Short Term Traders: They can go as fast as they want, collocate as they wish, use microwave tech as they wish, or use cable dug through mountains and oceans as they wish. They may trade wherever they want. They will perhaps adjust their robots to buy when they think a stock will go up, and sell when they think it will go lower. The video game around being a maker versus a taker, and optimizing rebates, will disappear, as will all the complex order types in exchanges and dark pools that are designed to play that video game.
Investors: They can decide how fast they wish to trade, and which technology to use. They can choose broker accordingly as well. They can decide between millisecond immediacy of a smaller number of shares, or a more patient approach for a larger number of shares.
Brokers: They can choose to trade proprietarily, or not. They can choose to commit capital to facilitate larger trades, or not. They can choose to own dark pools if they find it profitable. They can choose to focus on underwriting, and helping new companies get capital, or not.
Limit Order Books: These will likely become deeper, with more diverse players. These should be robust during times of stress, with less “mini-flash-crashes” – or worse…

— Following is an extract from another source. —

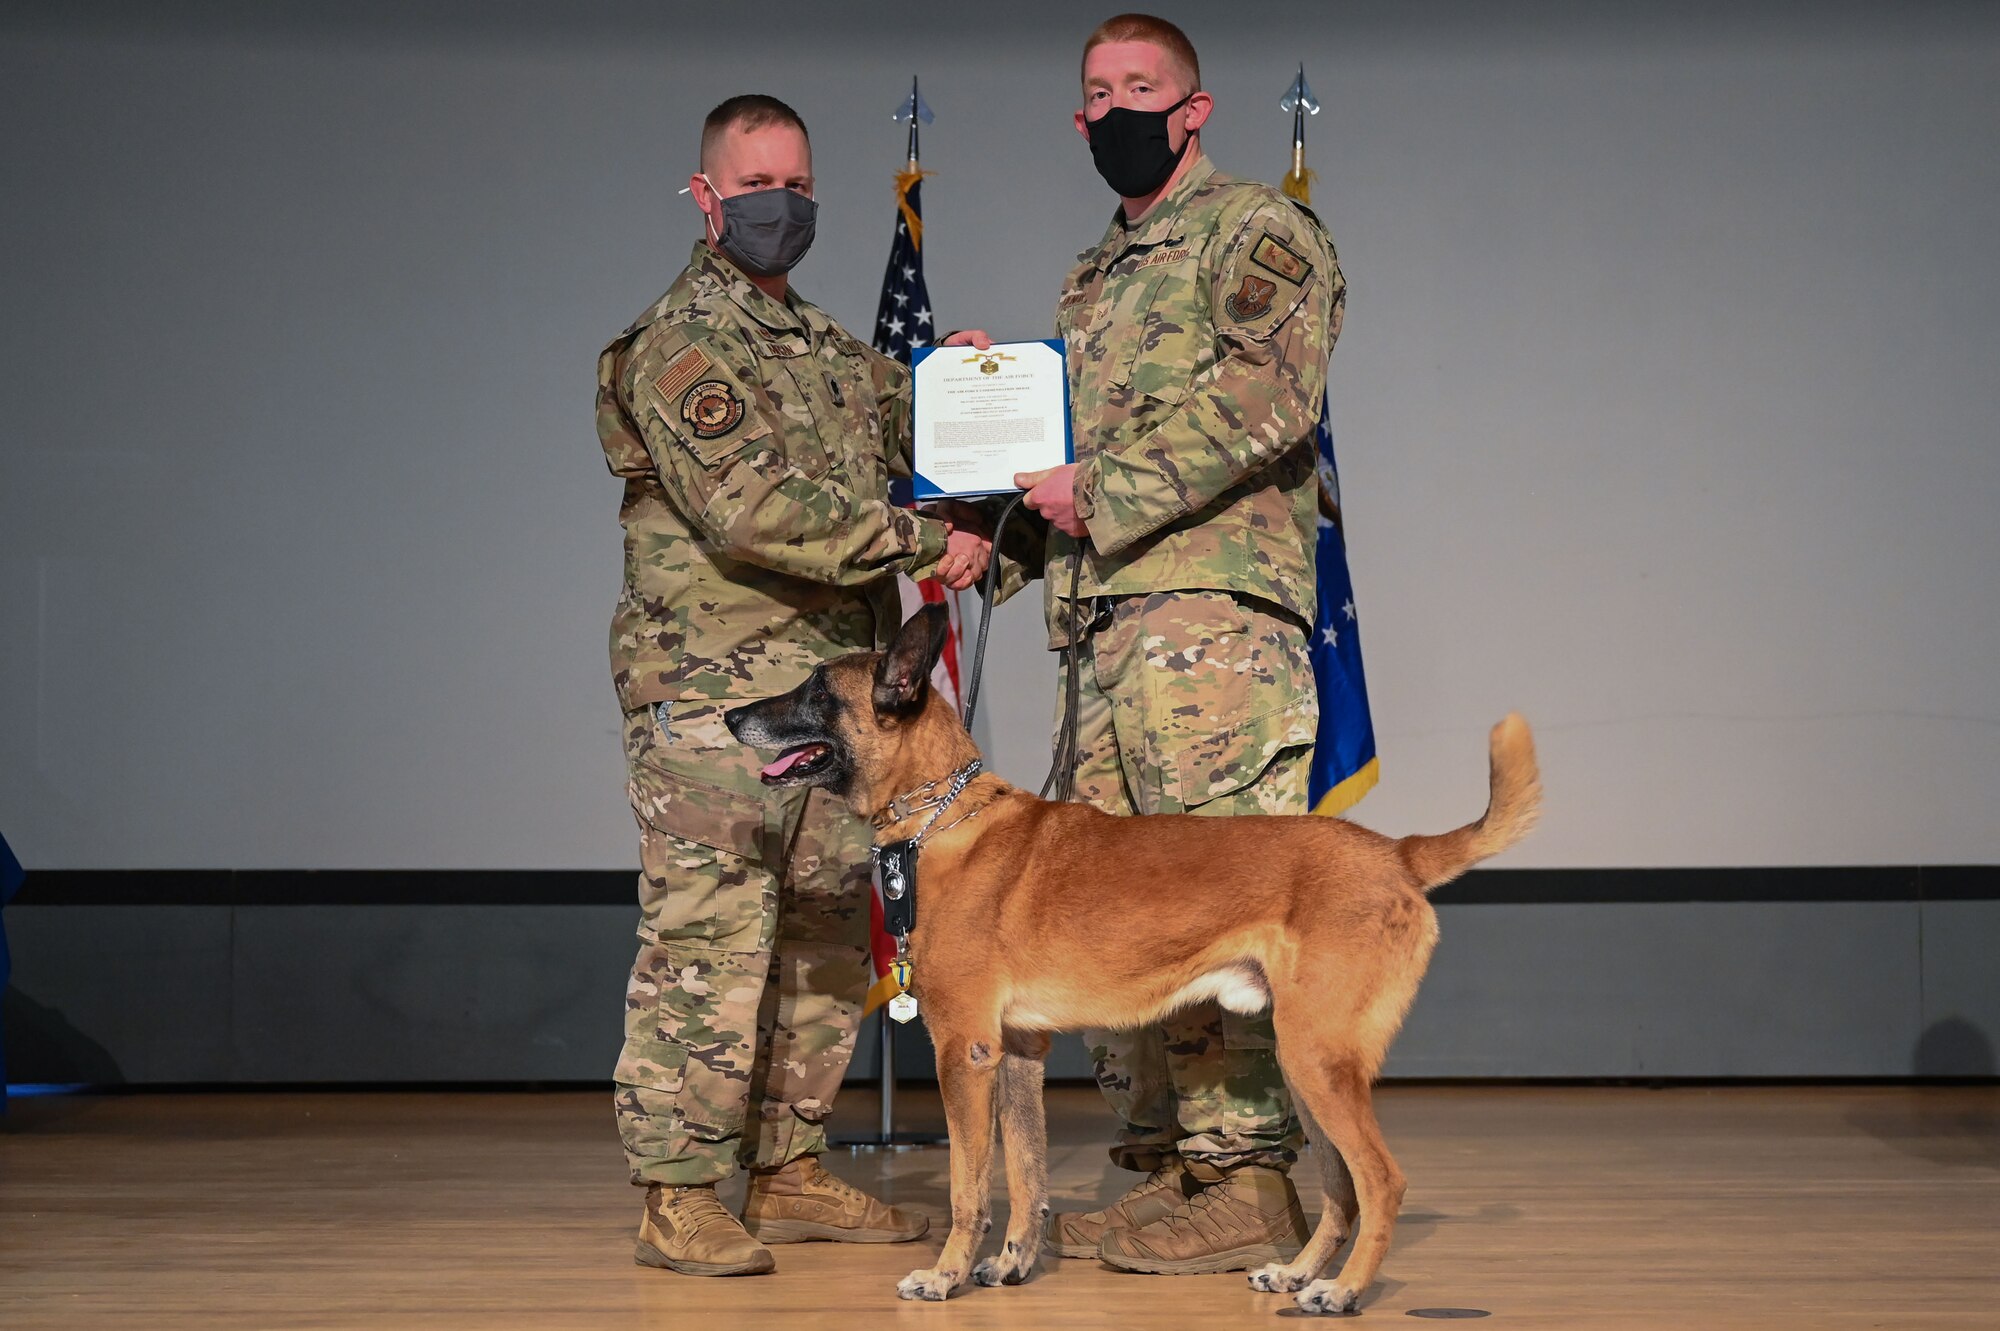 MWD Ggarbo receives a commendation during a retirement ceremony at Kirtland Air Force Base.

“Liquidity providers”: We have an order driven market, where the originators of all of these orders are done for capitalistic reasons. Large fund managers want the most liquidity at the most advantageous prices for their large orders. They “provide liquidity” accordingly. Short term traders want to buy low and sell high over short, or even very short time periods. They “provide liquidity” accordingly. Incentives to provide liquidity are, and should be, simply driven by free market capitalistic desires to do so, no matter the participant. The free market will work out the correct amount of inter-mediation.

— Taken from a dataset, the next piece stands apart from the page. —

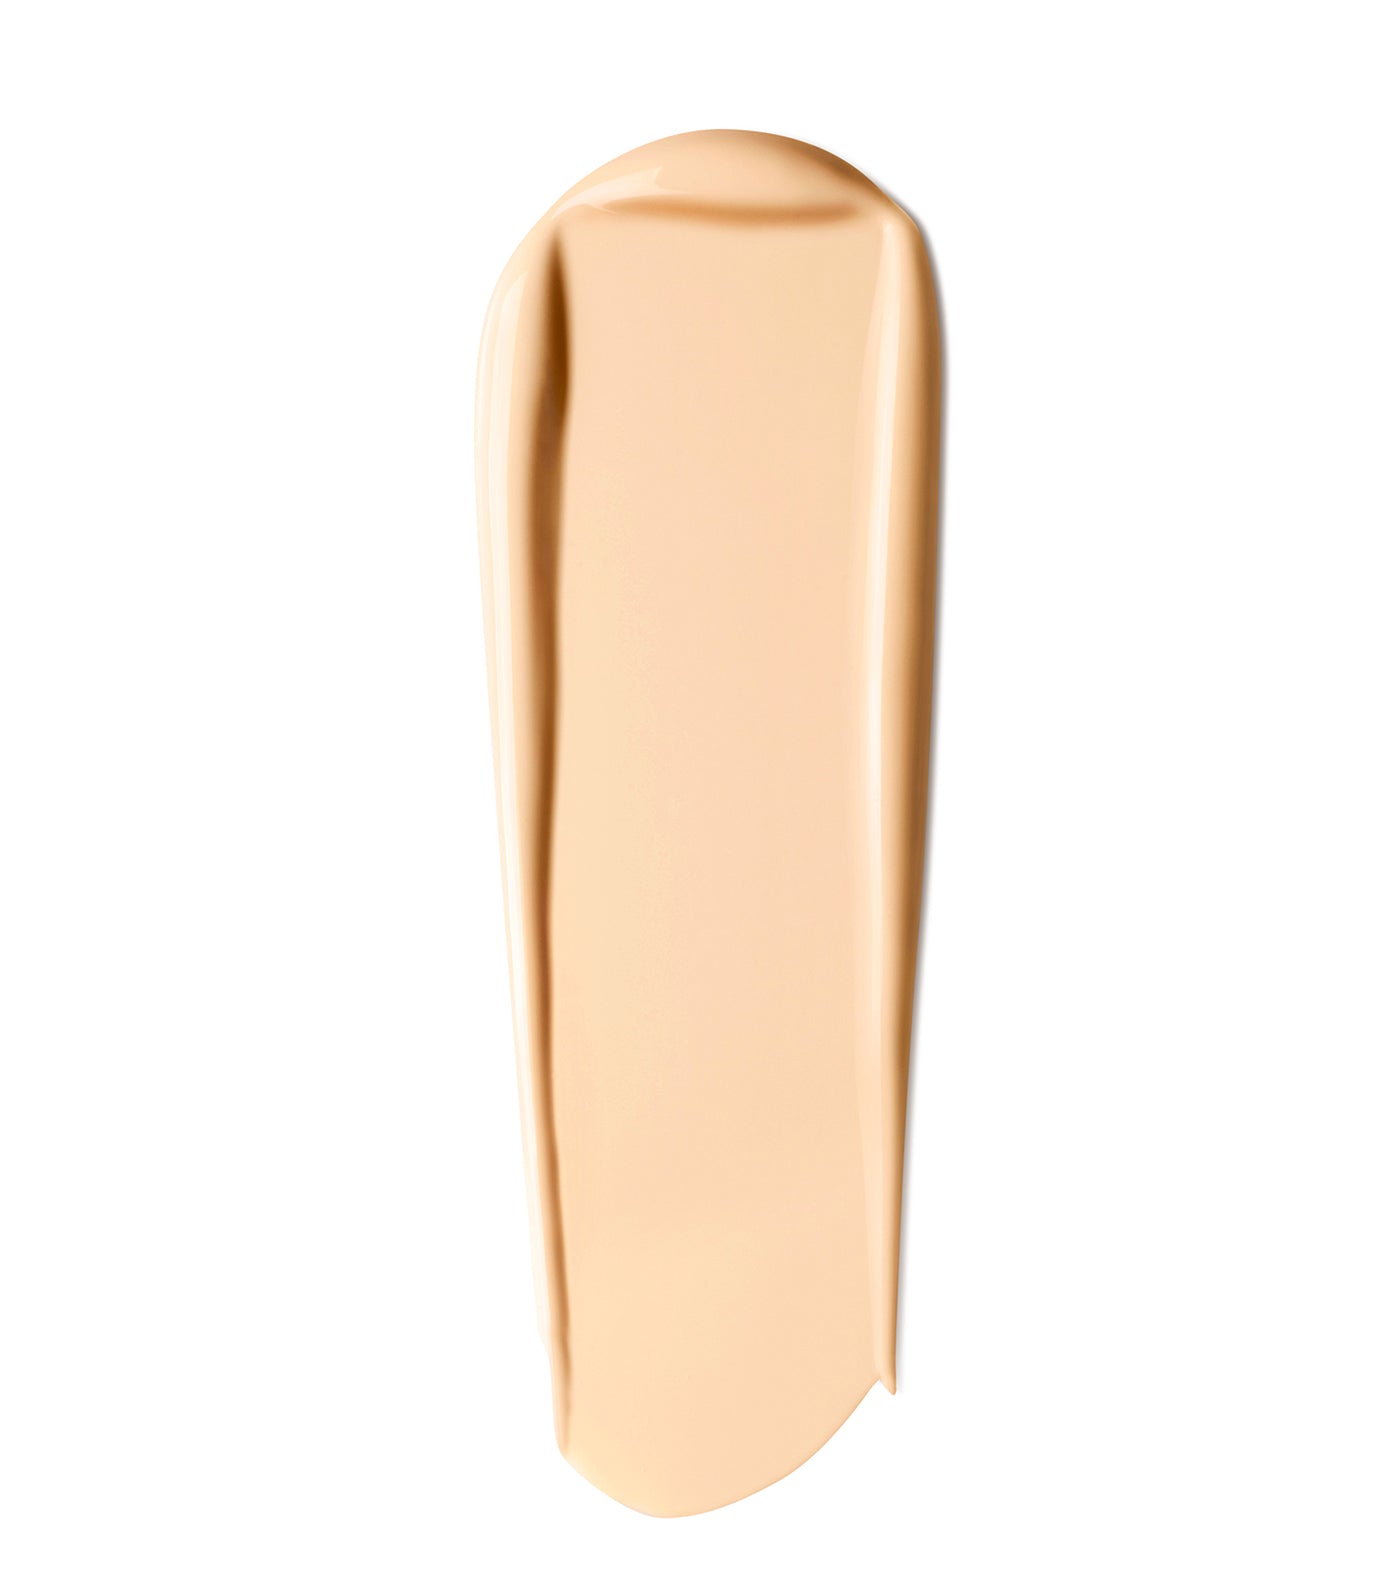 Parure Gold Skin Matte: No-transfer High Perfection Foundation - 24H Care & Wear

Spreads: We would expect spreads to widen for large cap stocks, and probably remain close to unchanged for smaller cap stocks. For large caps, perhaps the bid ask spread widens from 1.4 cents per share to 2.5 cents per share. Perhaps. Maybe less. Maybe more. However, cost as measure by a spread becomes a very explicit cost, that represents true supply and demand in the marketplace among all types of traders and investors, without regard for holding periods.
Retail Commissions: Perhaps they go up de-minimus. Perhaps $8 per trade goes to $12 per trade. However, the commission more accurately reflects a true and transparent cost of access to the marketplace. Note that even in today’s payment-for-order-flow-friendly environment, some retail brokers do not engage in the practice; they deem it to be inappropriate. They still charge very low commissions.
Institutional Commissions: Perhaps these rise. Supply and demand sets cost for low touch, high touch, and research. The commission more accurately reflects a true and transparent cost of access to the marketplace.
What do you think? Do you agree? What are your thoughts on how the market can collectively look without the existence of payment for order flow (PFOF) in general?
We would love to know how you weigh in; the above represents some raw clay we just slapped down on the work table.